Anaakım medyanın dışında başka bir habercilik anlayışını, kadın odaklı, çocuk odaklı, hak haberciliği yapmaya gayret gösteren; çoğu kentin karşısında, yani Kadıköy’de oturan çalışanlar vardı burada.
“Kentin karşısında olma hali” vardı bianet’te. İstanbul’da kalalı çok uzun bir süre olmamasına karşın kentin karşısında farklı bir düzen olduğunun ayırdına varmak güç değil. Bir süre sonra gerçekten karşının insanı olduklarını anladım. Neredeyse tüm öteki olma hallerinin sesi olmaya çalışıyordu bianet, biraz da bu yüzden sevdim bu stajı.

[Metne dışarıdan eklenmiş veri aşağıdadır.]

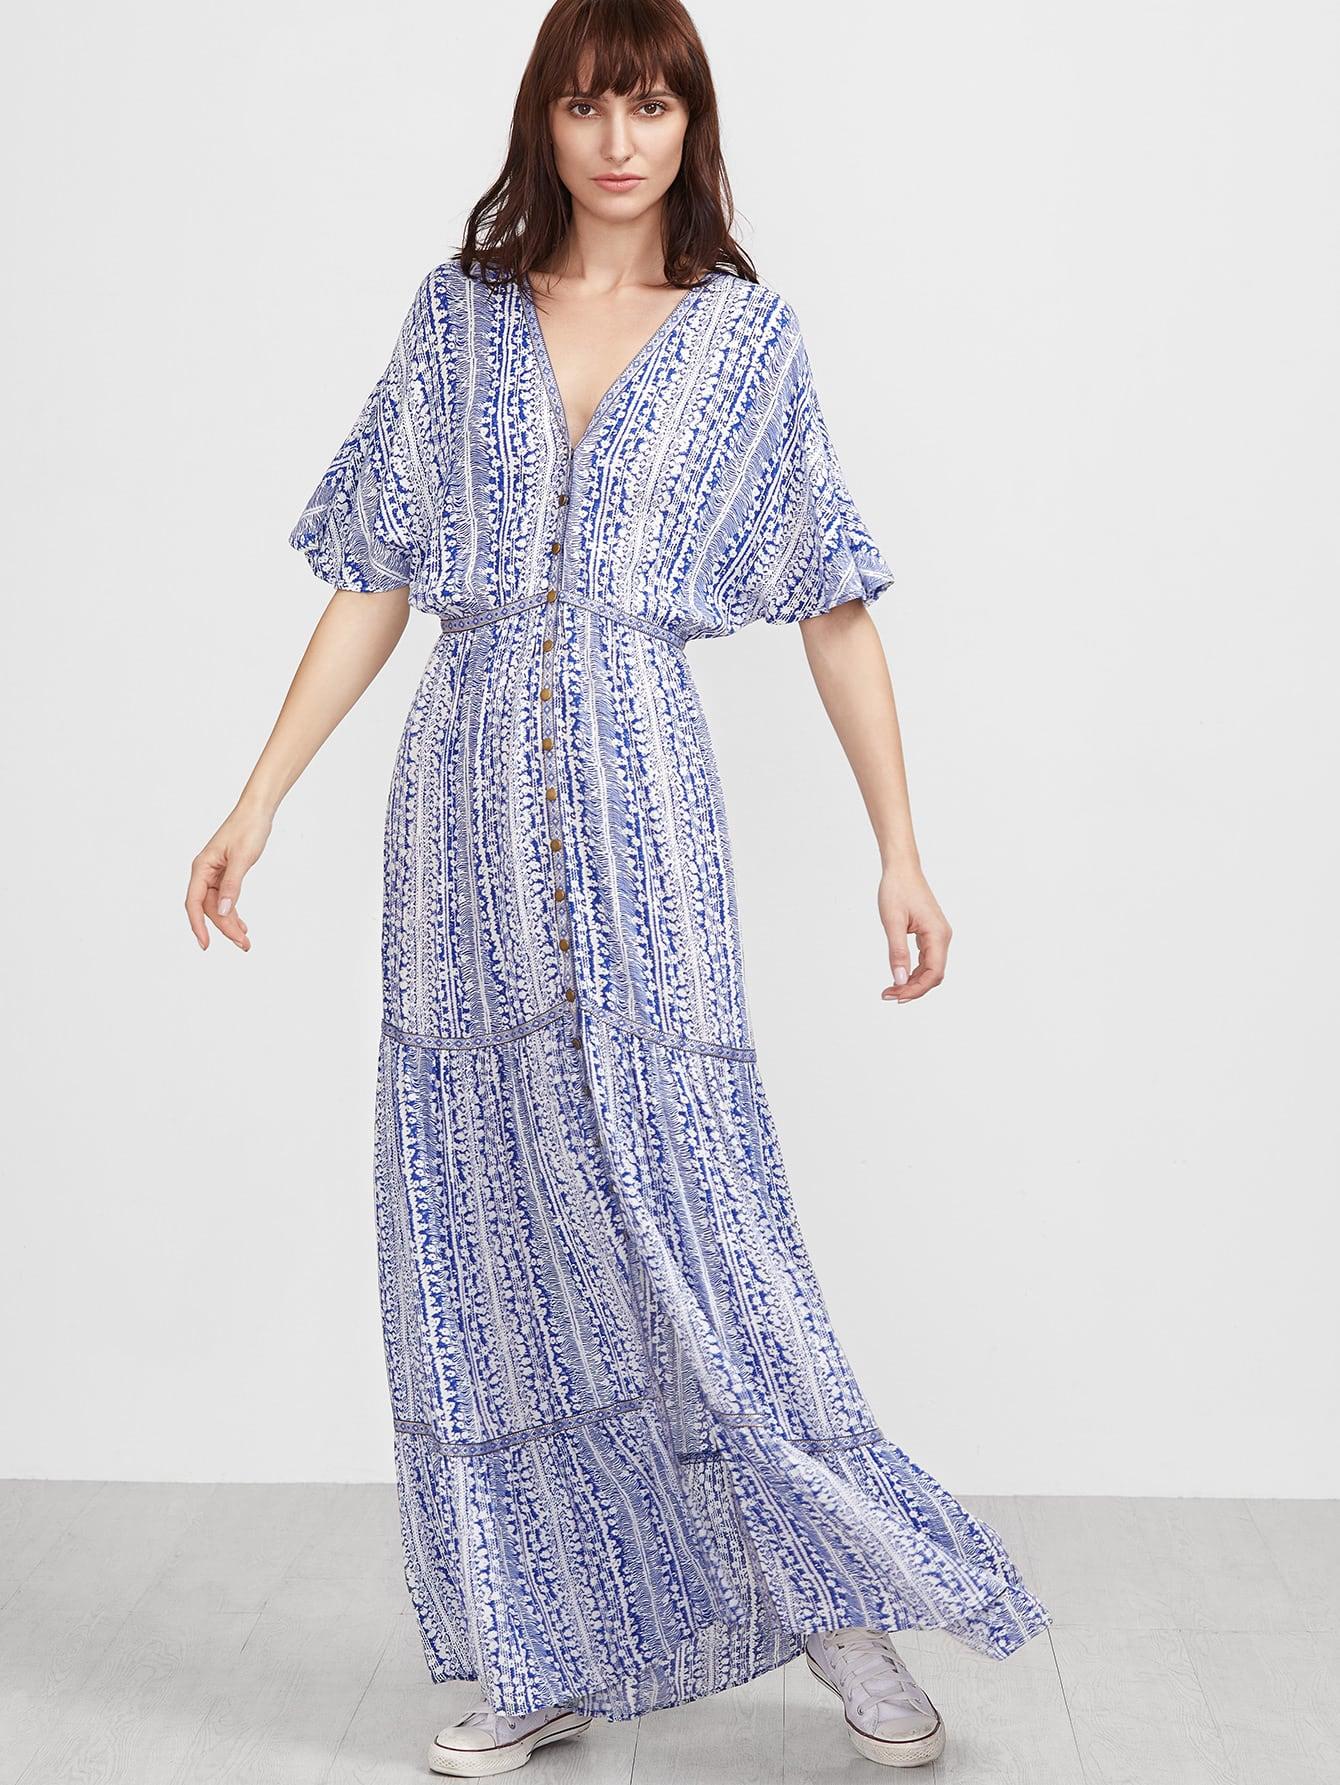 dress161216455_2

Staj günleri, mesleki bir kimlik arayışı sürecinde geçip gidiyordu. Bundan yedi -sekiz yıl sonra başıma neler geleceğinin ufak bir deneme sürecini yaşıyordum. Babamız işçi, anamız ev işçisi. Orta halli bir aileden gelen insanlar olarak, büyük paralarda da gözümüz yoksa yedi-sekiz yıl sonra uymak zorunda olacağım bir çalışma yaşamının bir deneme sürecini yaşıyordum.
Çalışma arkadaşlarının arasında, anaakım medyanın haberlerinden sıkılmış ve bunlara benim gibi ağız dolusu küfür edebilen, babam gibi kredi kartı borçlarından sıkılmış, annem gibi eve gittiğinde kadın olmasından kaynaklı ona yüklenen binlerce sorumluluk ve beklentilerin hepsine bir tekme atıp değiştirmek isteyen, güzel insanlar vardı.

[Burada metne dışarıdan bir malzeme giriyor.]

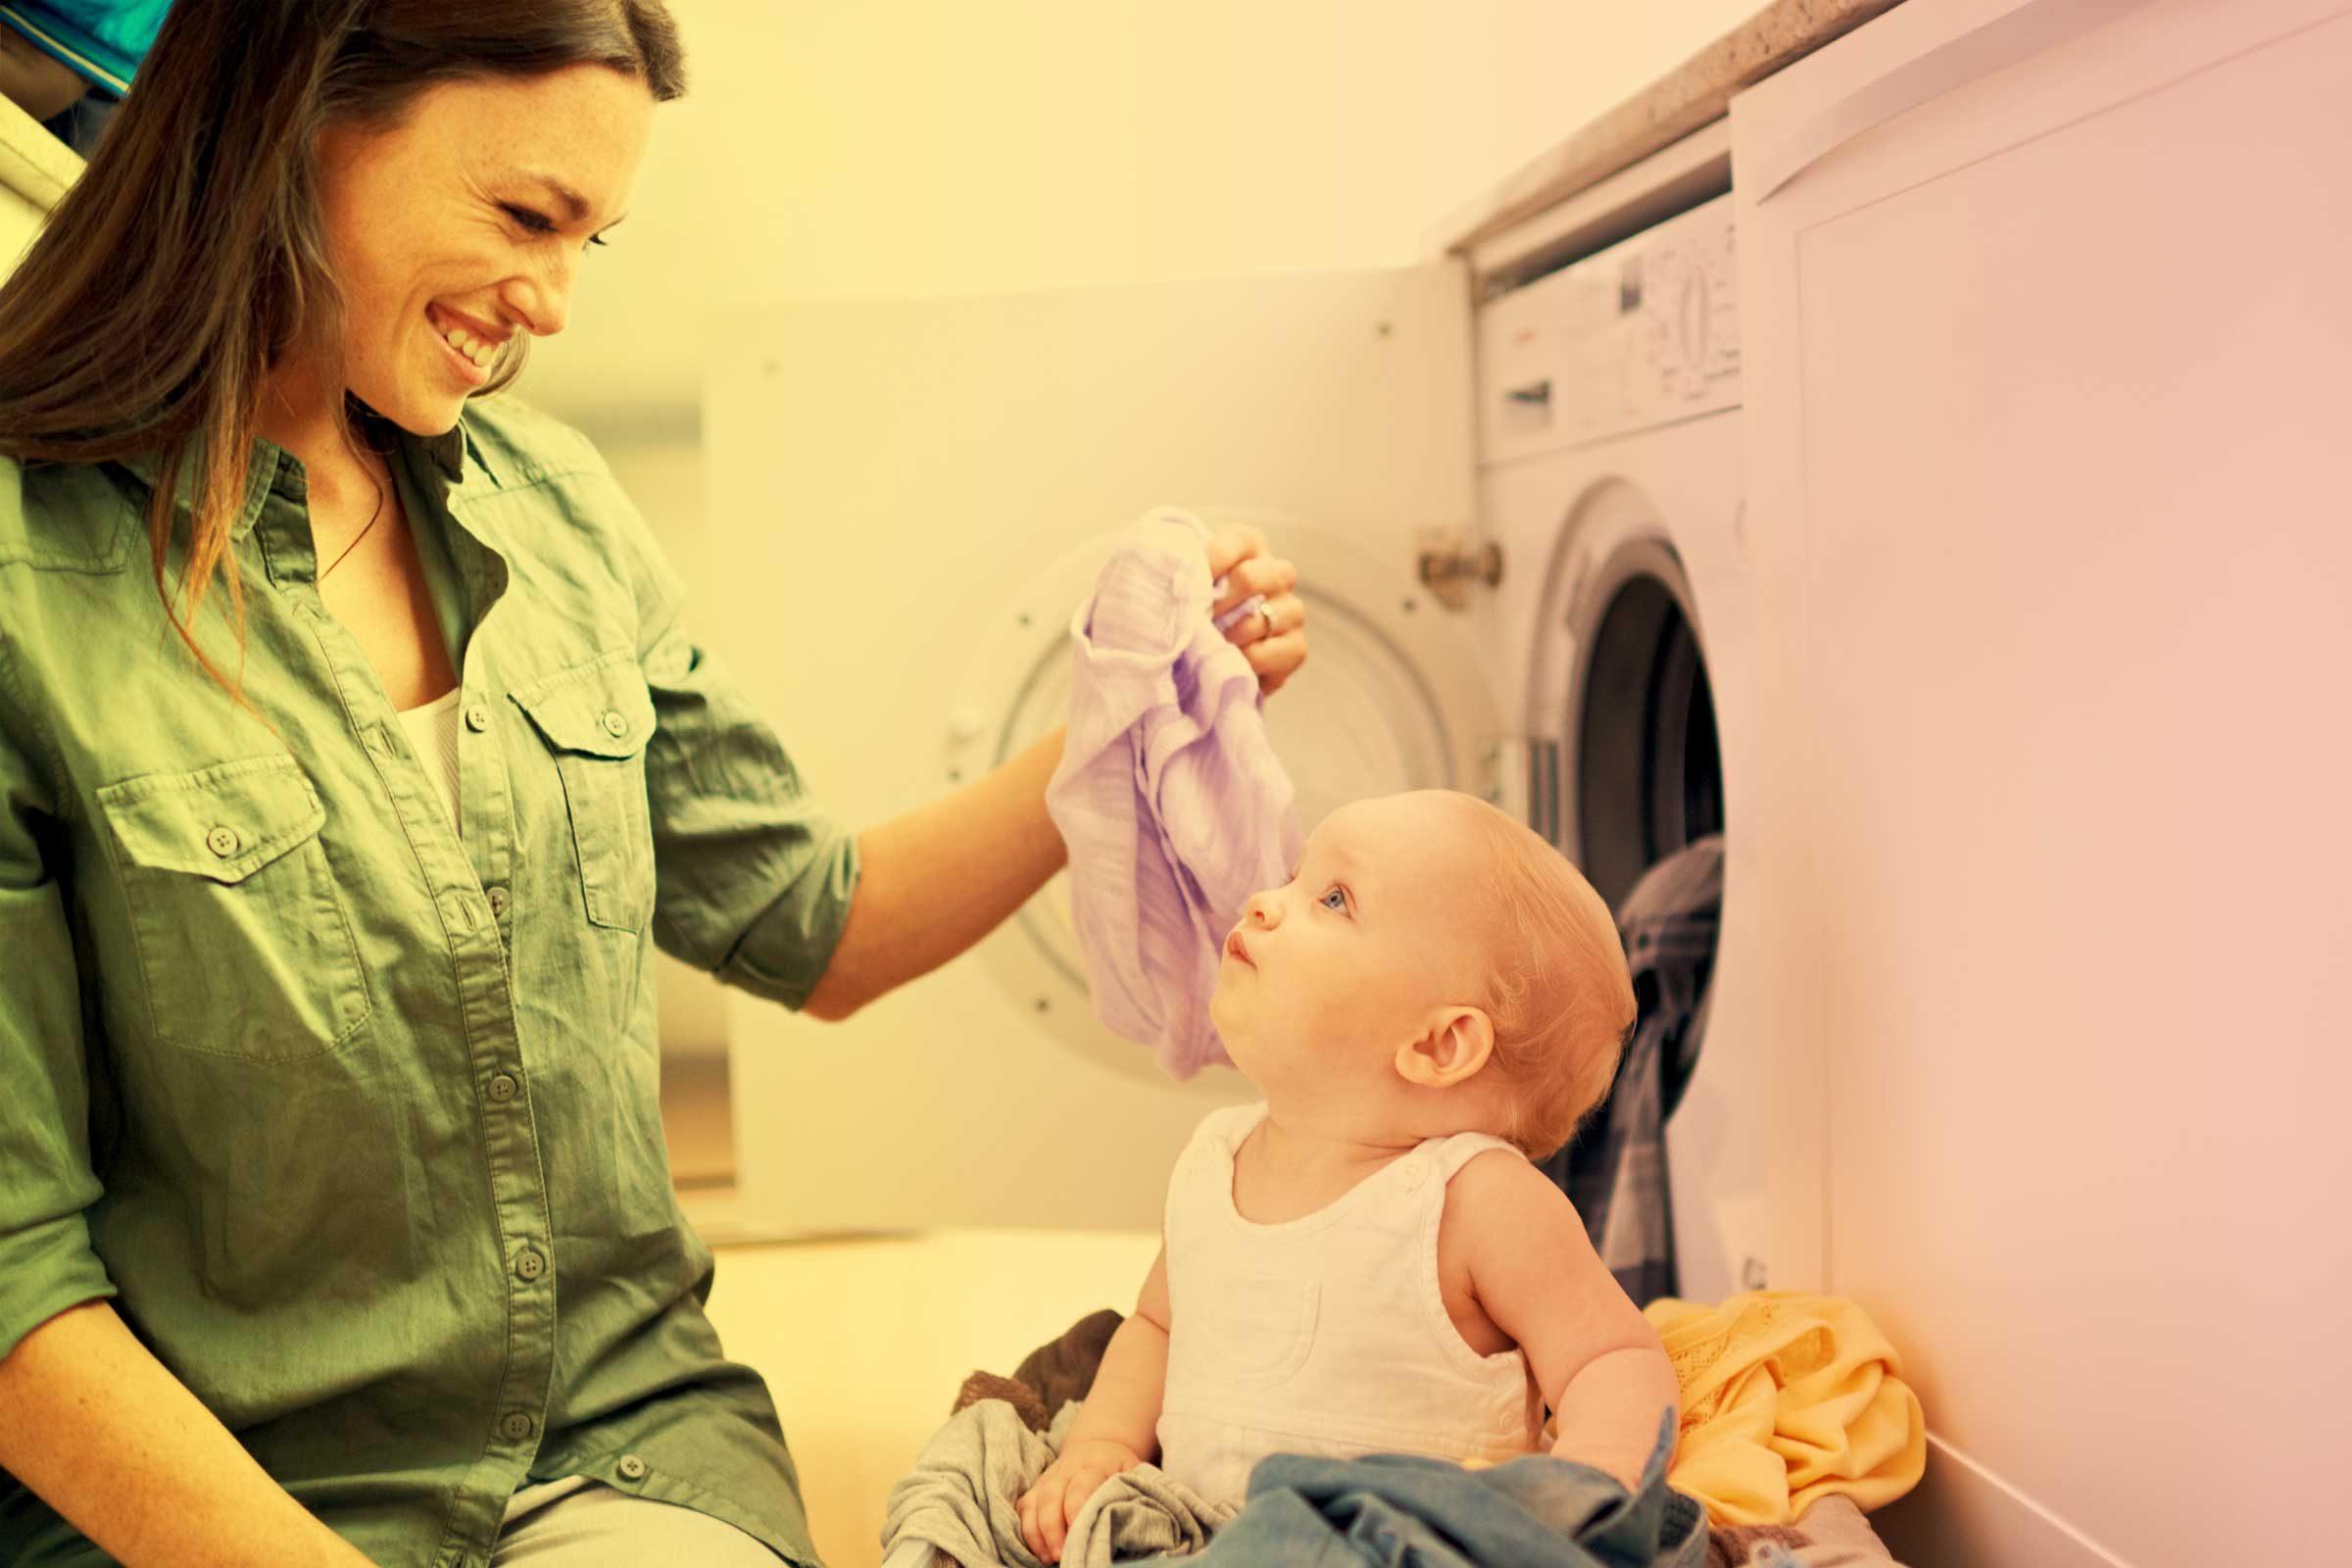 Pour une maison impeccable, il faut simplement nettoyer!

Yüce ve Ekin’in ses tonlarını, Ayça’ nın seslerini ve nidalarını, Nilay’ın bitmek bilmeyen onaylama “hı hı”larını uzun bir süre unutmayacağım. bianet’te haber girerken herkes gündemin ilk sırasına gireceği haberi belirtir bu yüzden ses tonları epey yer etti bende.
Bir de gıcırdayan parkeler. Sanki hepsinin sıkıntıları ayaklarından süzülmüştü parkelere bu yüzden kulağı tırmalar bir şekilde her gün ben de gıcırdatmaya alışmıştım.
Velhasılı kelam, bianet’te bulunmak, başka bir medya ağını örmeye çalışan insanların arasında olmak, hak odaklı haberciliği, anaakımın bir alternatifi olmaya gayret eden insanların hepsine selam.